Disadvantages of pspectra
power
size

Outline of system.
SMP GPP
special h/w
goal directed scheduling/processing
cache aware
 

  • Overall design

  • Lazy evaluation architecture
    Library of composable modules
    GUI design
    Out-of-band control processing
    Separation of processing, buffer management, control

    The Pspectra, a signal processing program is separated into the following components:

  • main program to setup and control signal processing modules,
  • composable signal processing algorithm modules,
  • scheduling of signal processing calculations, and
  • data buffer management.
  • Users of Pspectra environment write the first two of these components. Pspectra supplies generic scheduling and data management algorithms.
     
     
     
  • Main Program

  •  

     

    The top level control program creates all the modules, configures their parameters, connects them in an appropriate graph, and enters a processing loop. It initiates by calling start() on a sink (or on VrMultiTask, which handles topologies with multiple sinks). Calling start() runs the initialization process and begins the actual signal processing.

    After calling start(), the control program calls process() repeatedly on the sink, which runs one iteration of Pspectra’s scheduling algorithm. Between calls to process(), the control program may perform other tasks, such as running a GUI or dynamically changing parameters in the system.
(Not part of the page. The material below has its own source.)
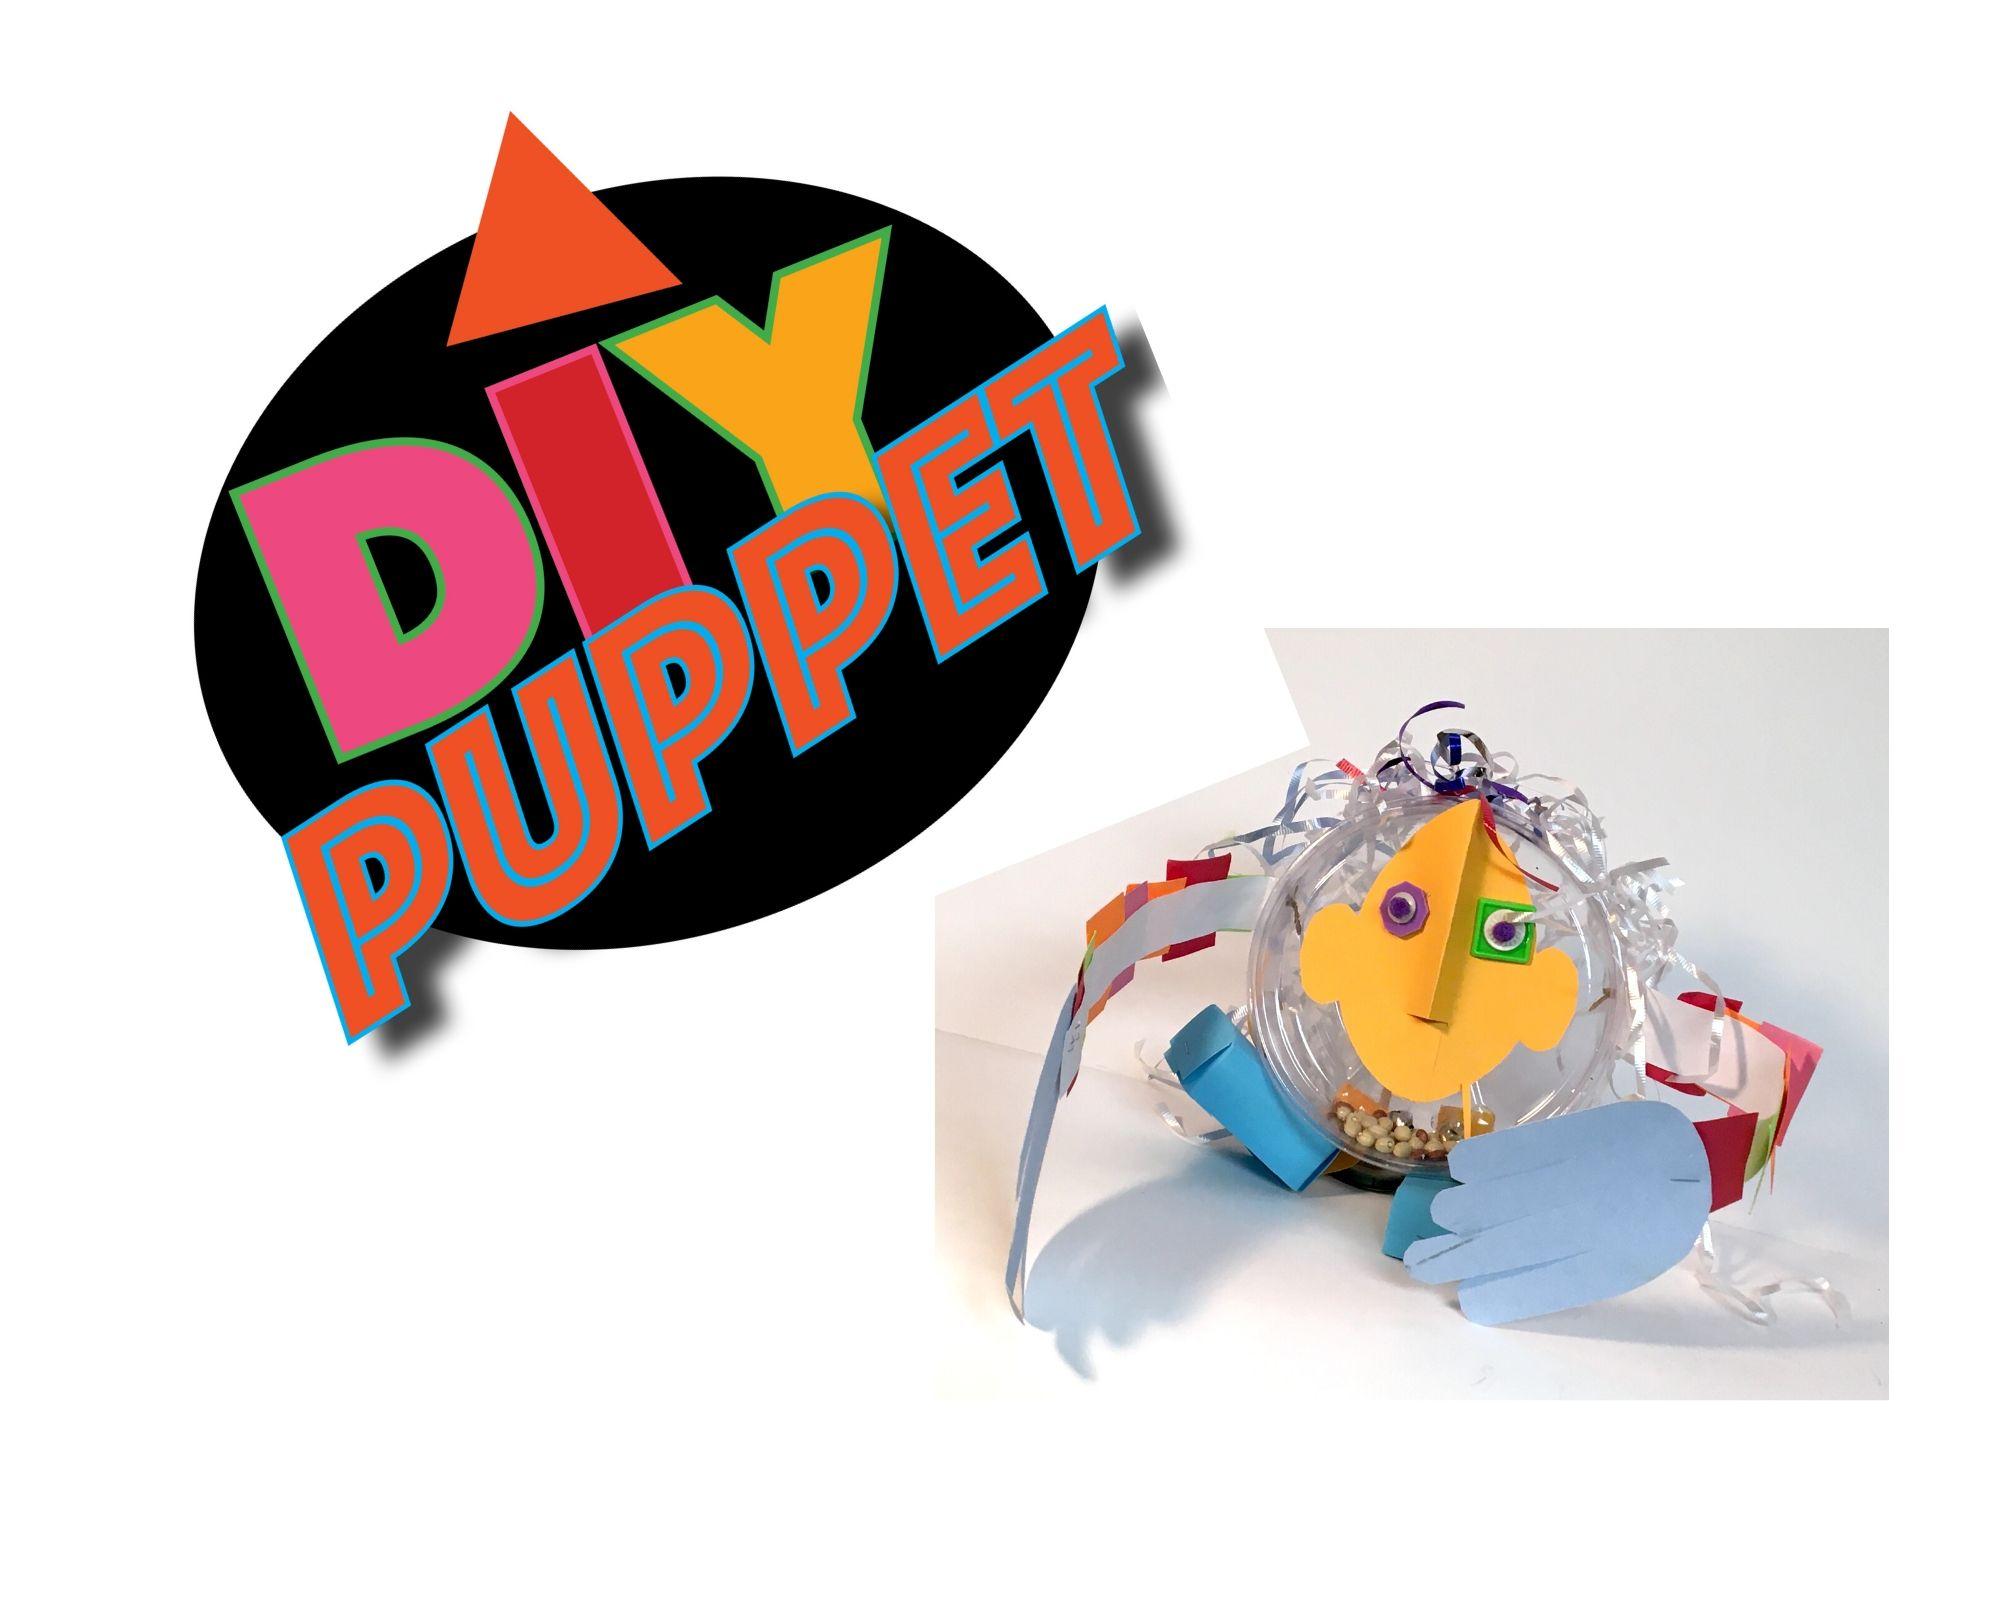 DIY Tintamarre puppet

The program may end processing and cleanup any remaining threads by calling stop() on the sink.

    Here is an example Pspectra program that demodulates an FM channel, filters the audio, and plays it on the computer’s speaker.

    void main() {
    /* Create the signal processing modules */
    VrGuppiSource<char>* source = new VrGuppiSource<char>();
    VrComplexFIRfilter<char>* channel_filter = new VrComplexFIRfilter<char>(
        CFIRdecimate,cTaps,chanFreq,chanGain);
    VrQuadratureDemod<float>* demod = new VrQuadratureDemod<float>(quadGain);
    VrRealFIRfilter<float,short>* if_filter = new VrRealFIRfilter<float,short>(
        RFIRdecimate,realCutoff,realTaps,realGain);
    VrAudioSink<short>* sink = new VrAudioSink<short>();

        /* Connect Modules */
        CONNECT(sink, if_filter, audioRate, 16);
        CONNECT(if_filter, demod, quadRate, 32);
        CONNECT(demod, channel_filter, quadRate, 64);
        CONNECT(channel_filter, source, gupRate, 8);
        /* Start System */
        sink->start();
        while(sink->elapsedTime() < SECONDS)
            sink->process();
        sink->stop();
    }
     
     

  • Module Structure

  • Code for an individual signal processing functions is written as a single, reusable class or "module" (e.g., FM demodulation or NTSC sync pulse detection).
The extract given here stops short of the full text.